In 2021, The Dictionary of Lost Words by Pip Williams won the ABIA's General Fiction Book of the Year, the Indie Book Awards Book of the Year, the Indie Books Awards Debut Fiction, the ABA Booksellers' Choice Adult Fiction Book of the Year, the MUD Literary Prize for Best Debut Novel, and the NSW Premier's Literary Awards People's Choice Award. In 2021, the book was also shortlisted for NSW Premier's Literary Awards Christina Stead Prize for Fiction and the Walter Scott Historical Prize in the UK.

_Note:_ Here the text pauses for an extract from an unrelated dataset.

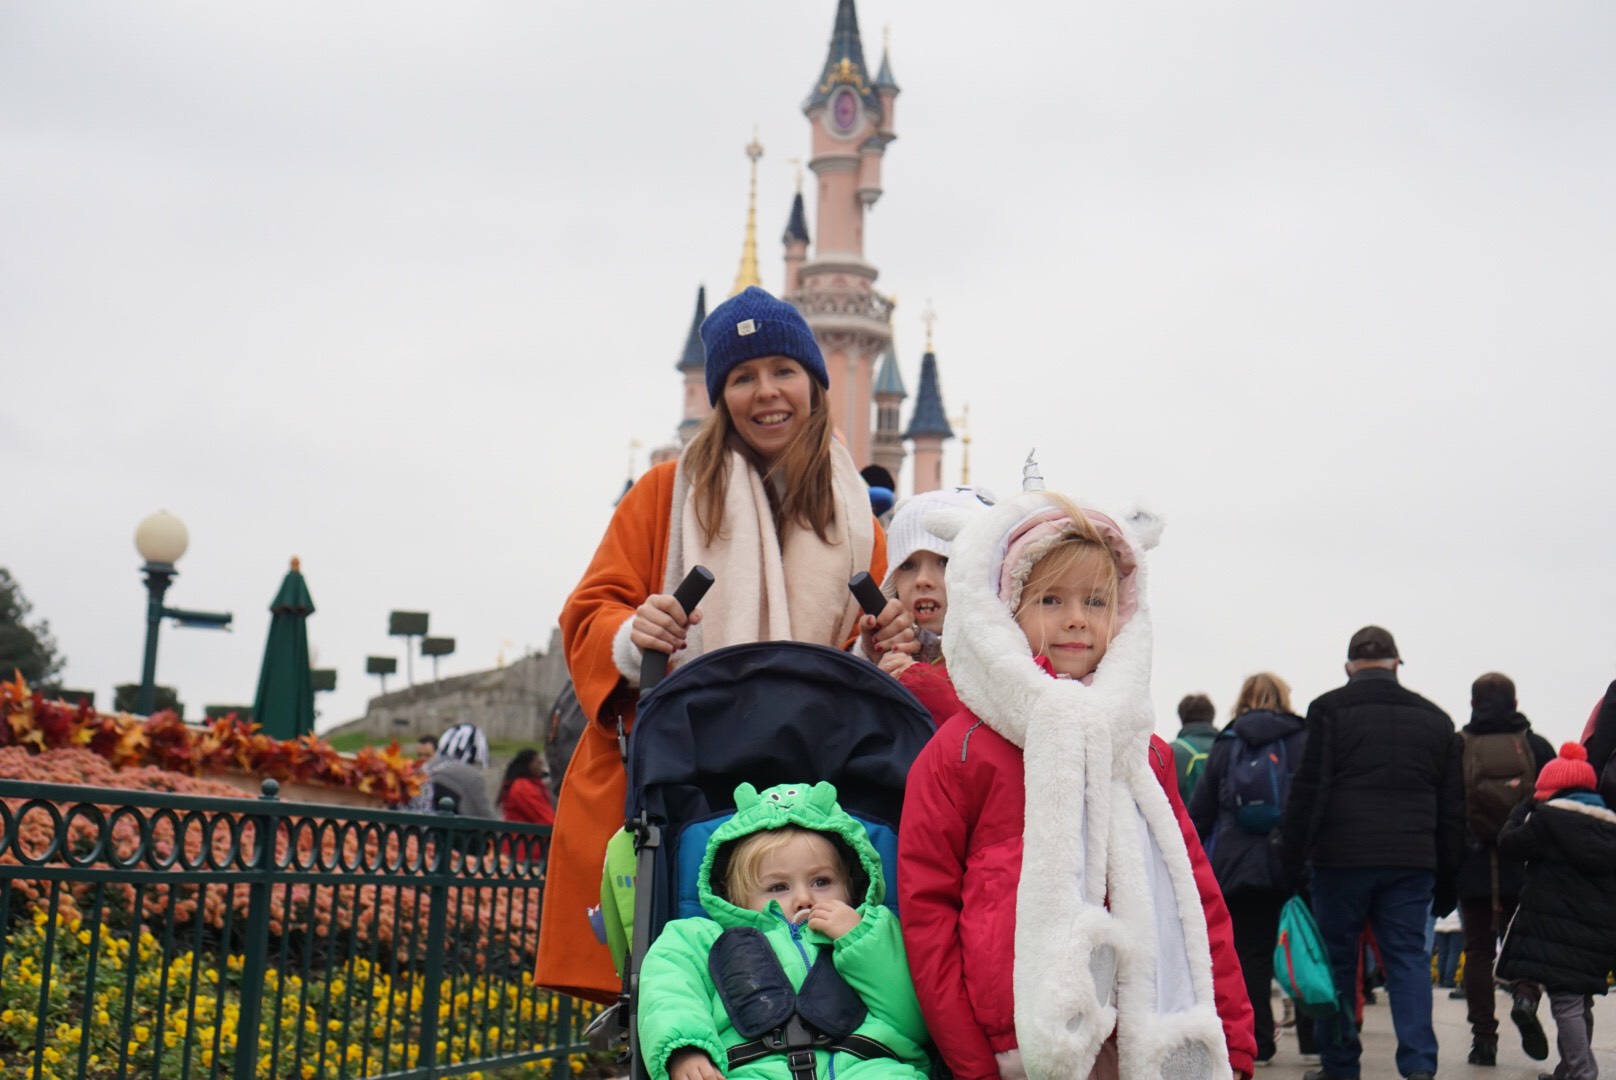 visiting Disneyland Paris for the first time

In 2021, The Grandest Bookshop in the World by Amelia Mellor won the ABIA's Book of the Year for Younger Children and the NSW Premier's Literary Award Patricia Wrightson Prize for Children's Literature. It was shortlisted for the ARA Historical Novel Prize (Children and Young Adult Category), the Readings' Children's Fiction Prize, and Speech Pathology Australia's Book of the Year (8-10 years).

In 2023, The Bookseller's Apprentice by Amelia Mellor won the ARA Historical Novel Prize: Children and Young Adult. It was shortlisted for the ABIA's Book of the Year for Younger Children (ages 7-12), Book People Awards Children's Book of the Year, and Reading's Children's Prize. It was longlisted for the Indie Book Awards Children's category.

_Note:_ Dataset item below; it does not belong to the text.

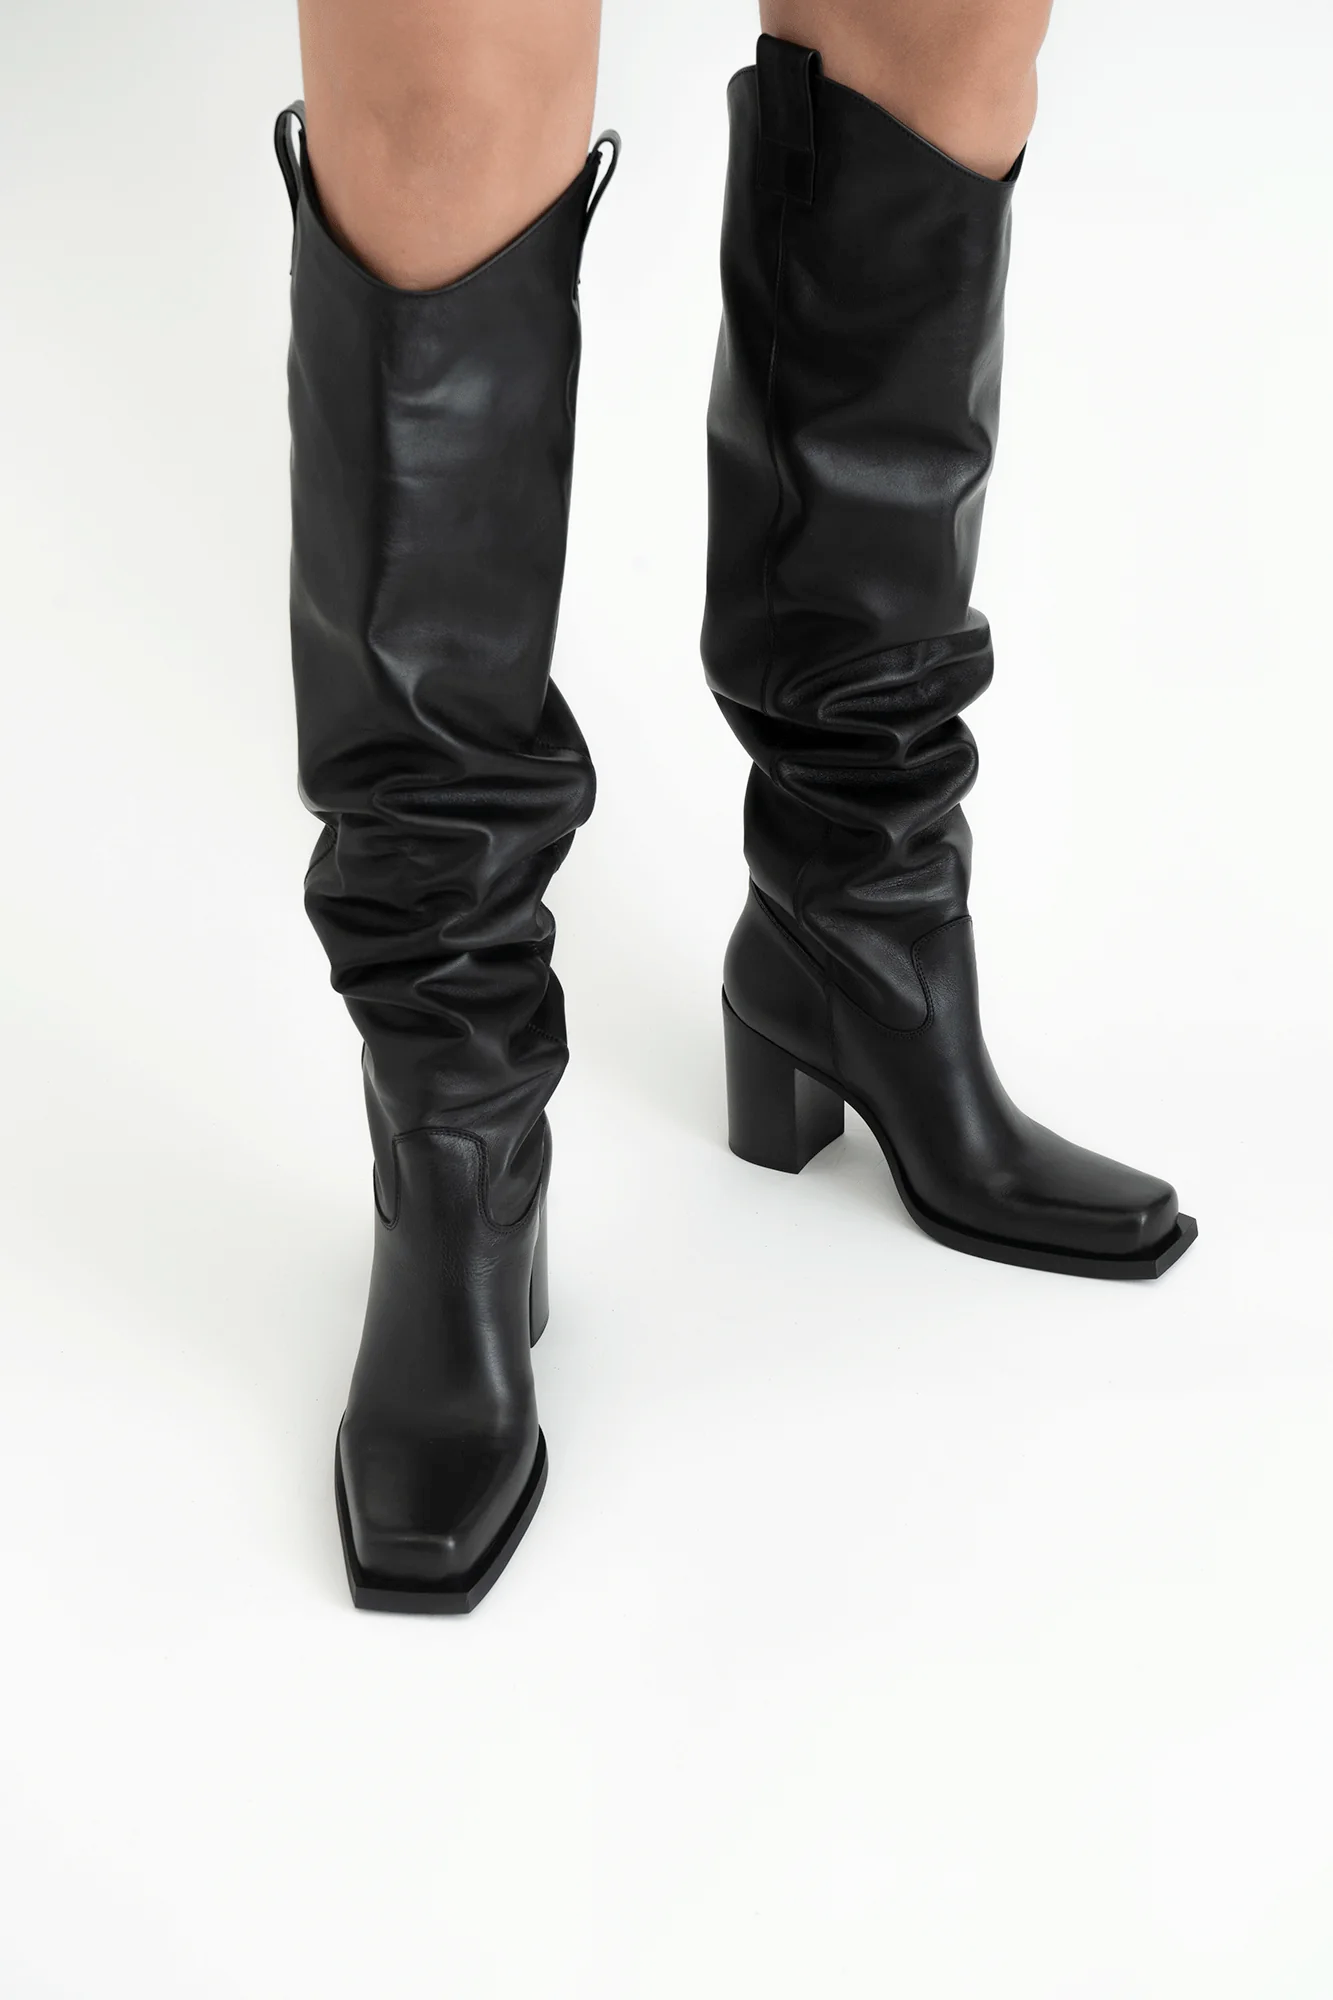 Milly boots, black leather

In 2024, The Bookbinder of Jericho by Pip Williams won the ABIA's General Fiction Book of the Year and Marketing Strategy of the Year, and was shortlisted for the Indie Book Awards and Dymocks Book of the Year. In 2023, it won Booktopia's Best Overall Book Award and was longlisted for the ARA Historical Novel Prize.

Additional notable awards include the Stella Prize (The Strays by Emily Bitto), the Booksellers Choice Award (The Birdman’s Wife by Melissa Ashley), and The Children’s Book Council of Australia’s Picture Book of the Year Award (A Walk in the Bush by Gwyn Perkins). In August 2018 Christian White became the fastest-selling Australian debut novelist on record when Affirm Press published his book The Nowhere Child.

== Corporate affairs ==
Affirm Press is owned equally by Martin Hughes, CEO and Publishing Director, Keiran Rogers, Sales and Finance Director, and Graeme Wise.

In 2023, Affirm Press launched its national sales team, consisting of six members. The sales team are supported by Hachette New Zealand and Affirm Press books are distributed by Alliance Distribution Services.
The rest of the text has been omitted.